» **Brief**
Only the lines below from the one containing "Poster of the movie On sourit pour la photo" through the one containing "Okami Fightgear MMA" belong in the answer, repeated exactly and without pictures.

» **Dataset**
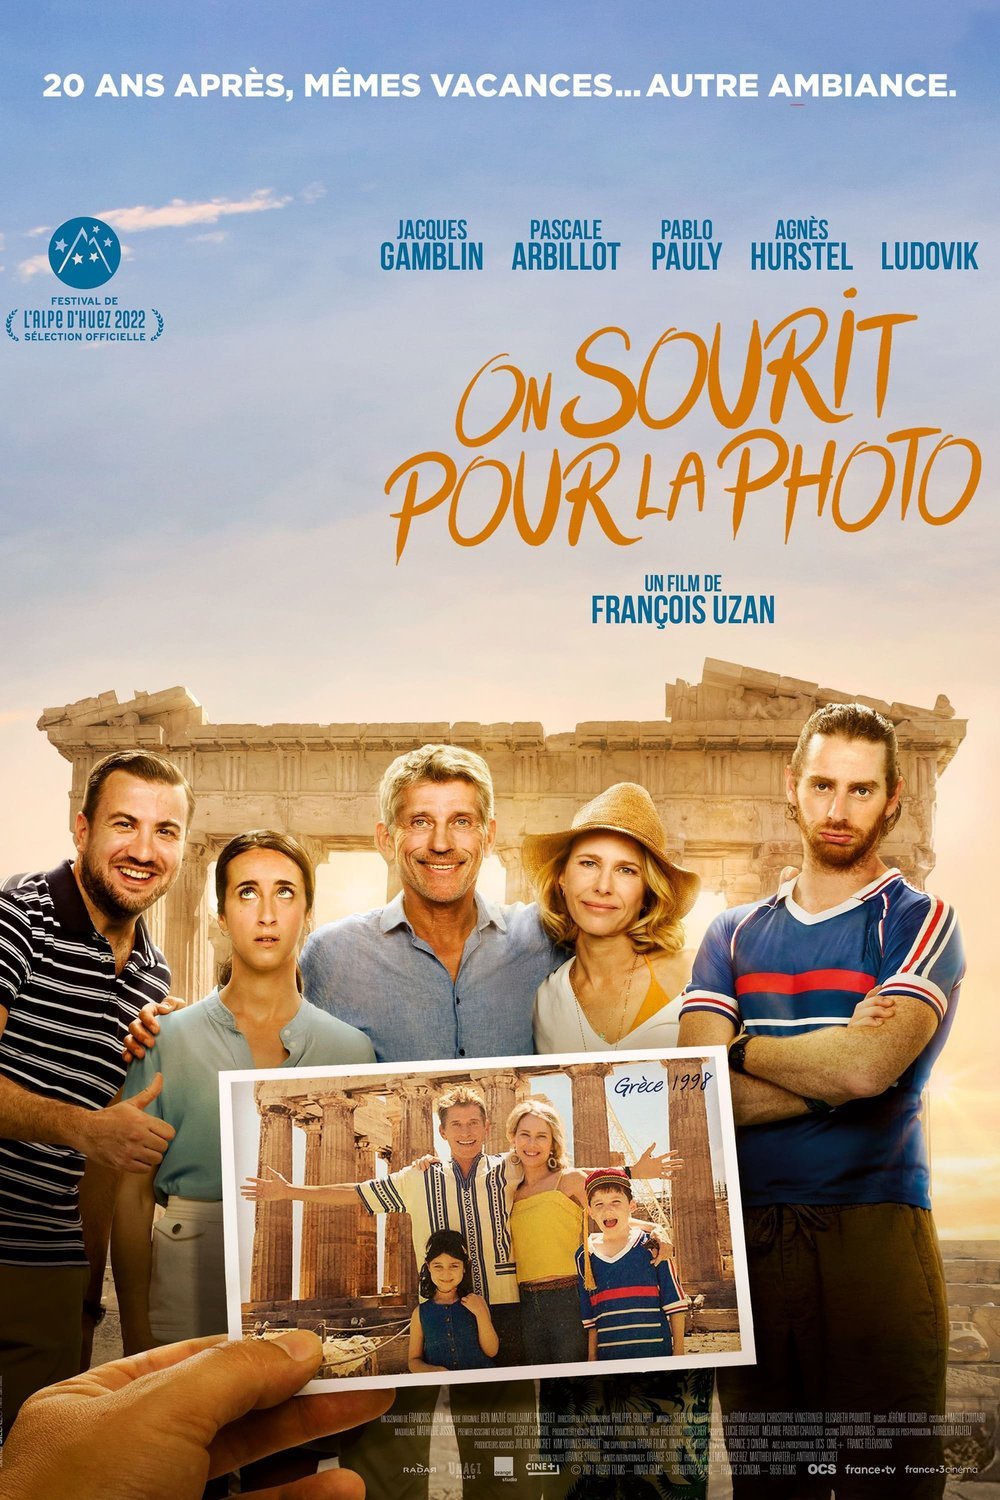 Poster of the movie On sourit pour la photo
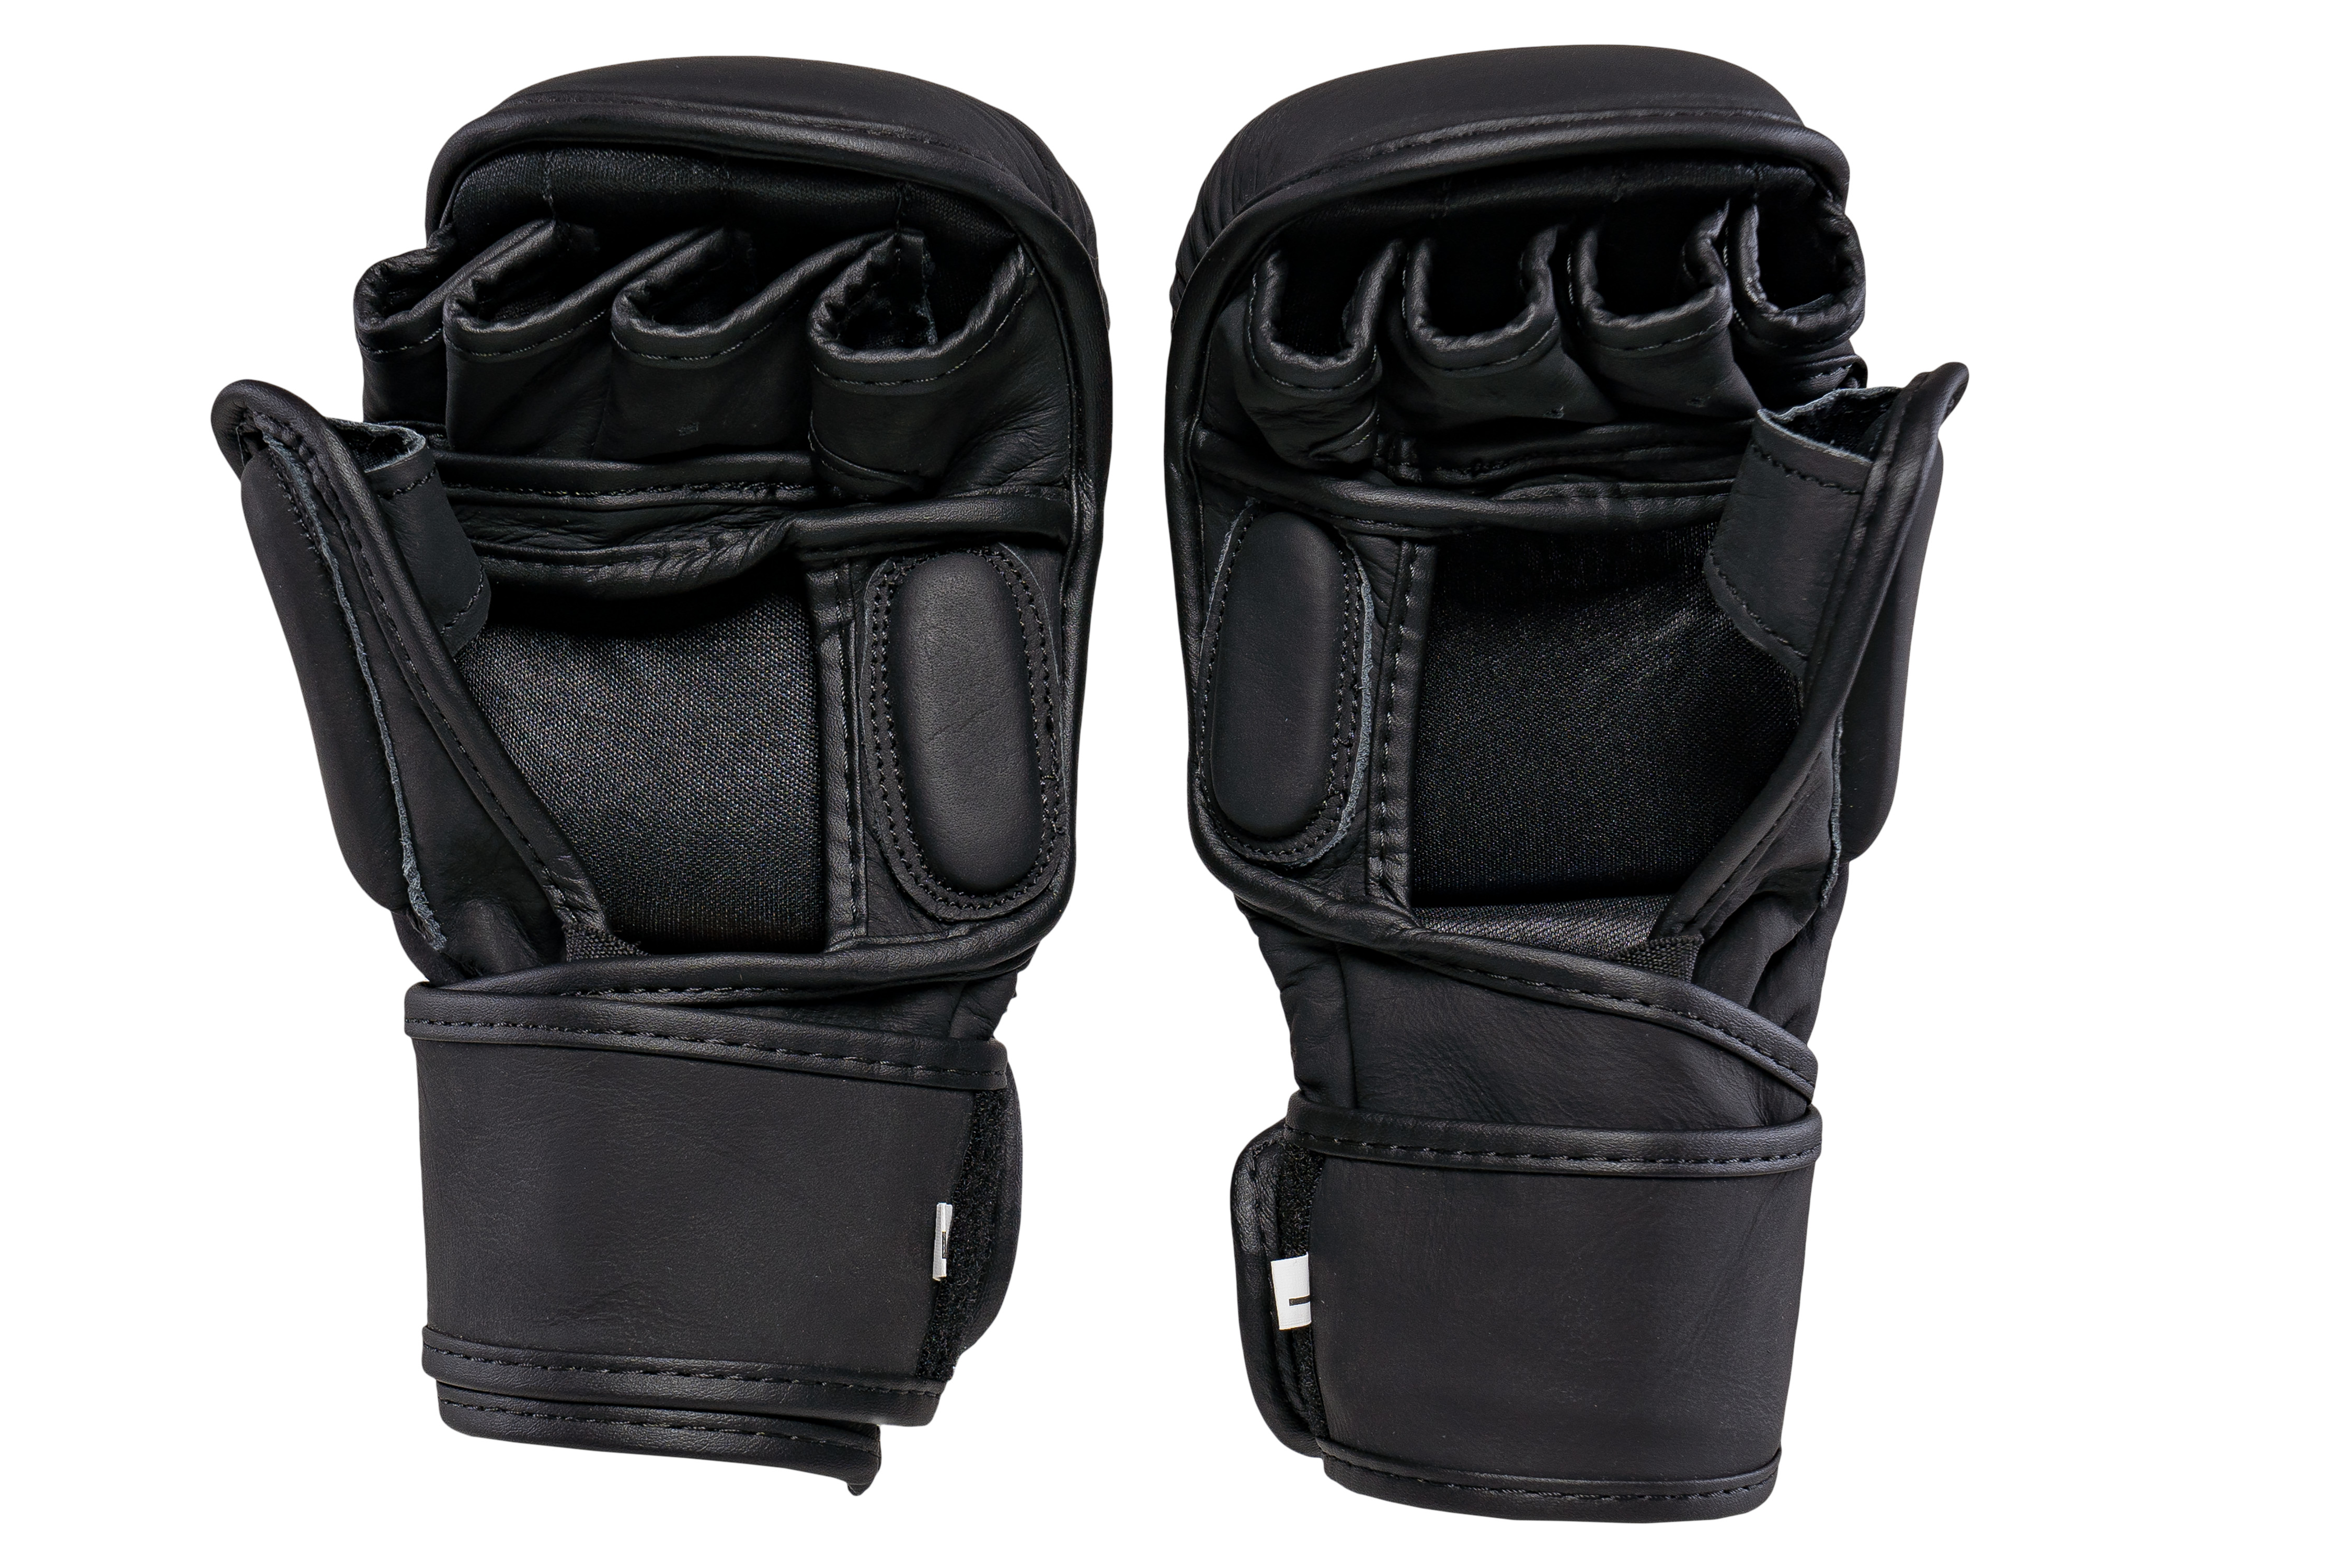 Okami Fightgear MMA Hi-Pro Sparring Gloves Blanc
...
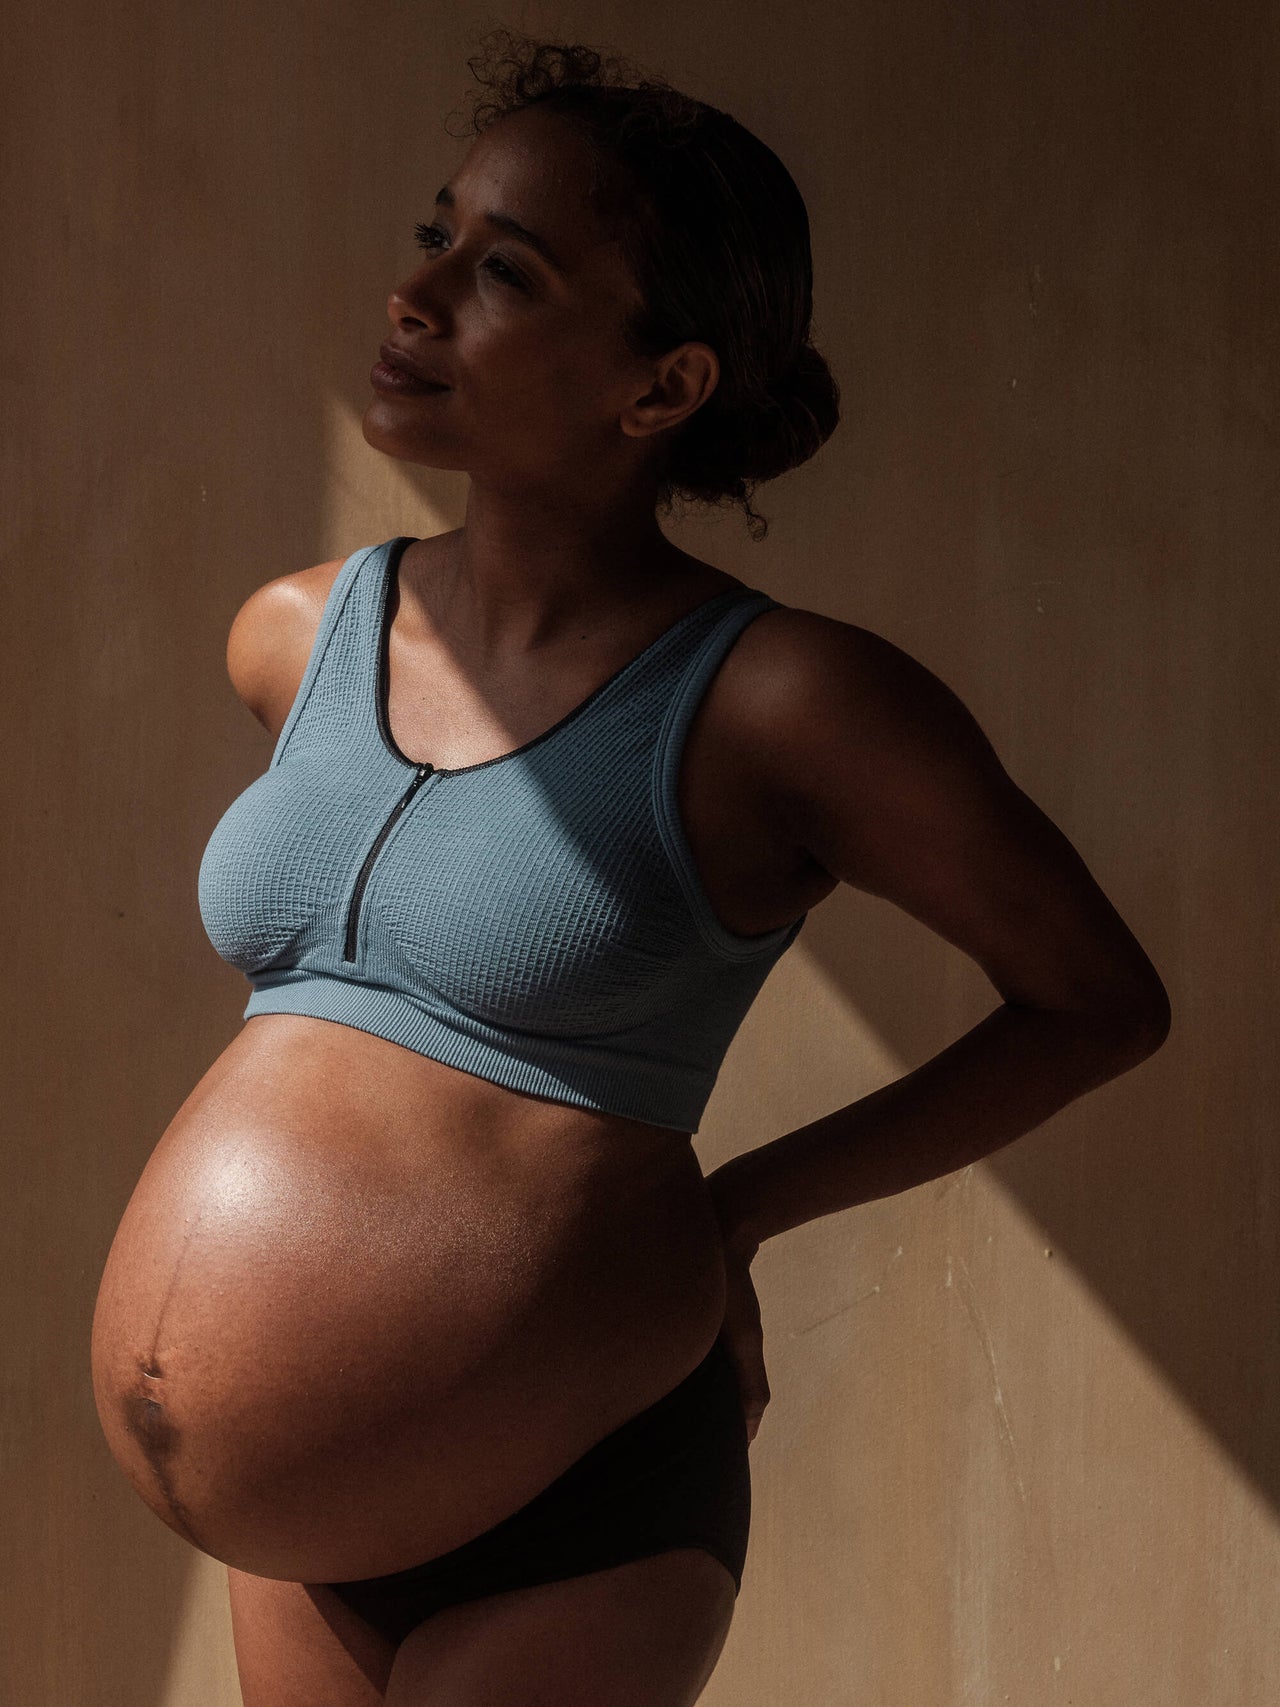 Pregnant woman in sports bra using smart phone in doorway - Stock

» **Task result**
 Poster of the movie On sourit pour la photo
 Okami Fightgear MMA Hi-Pro Sparring Gloves Blanc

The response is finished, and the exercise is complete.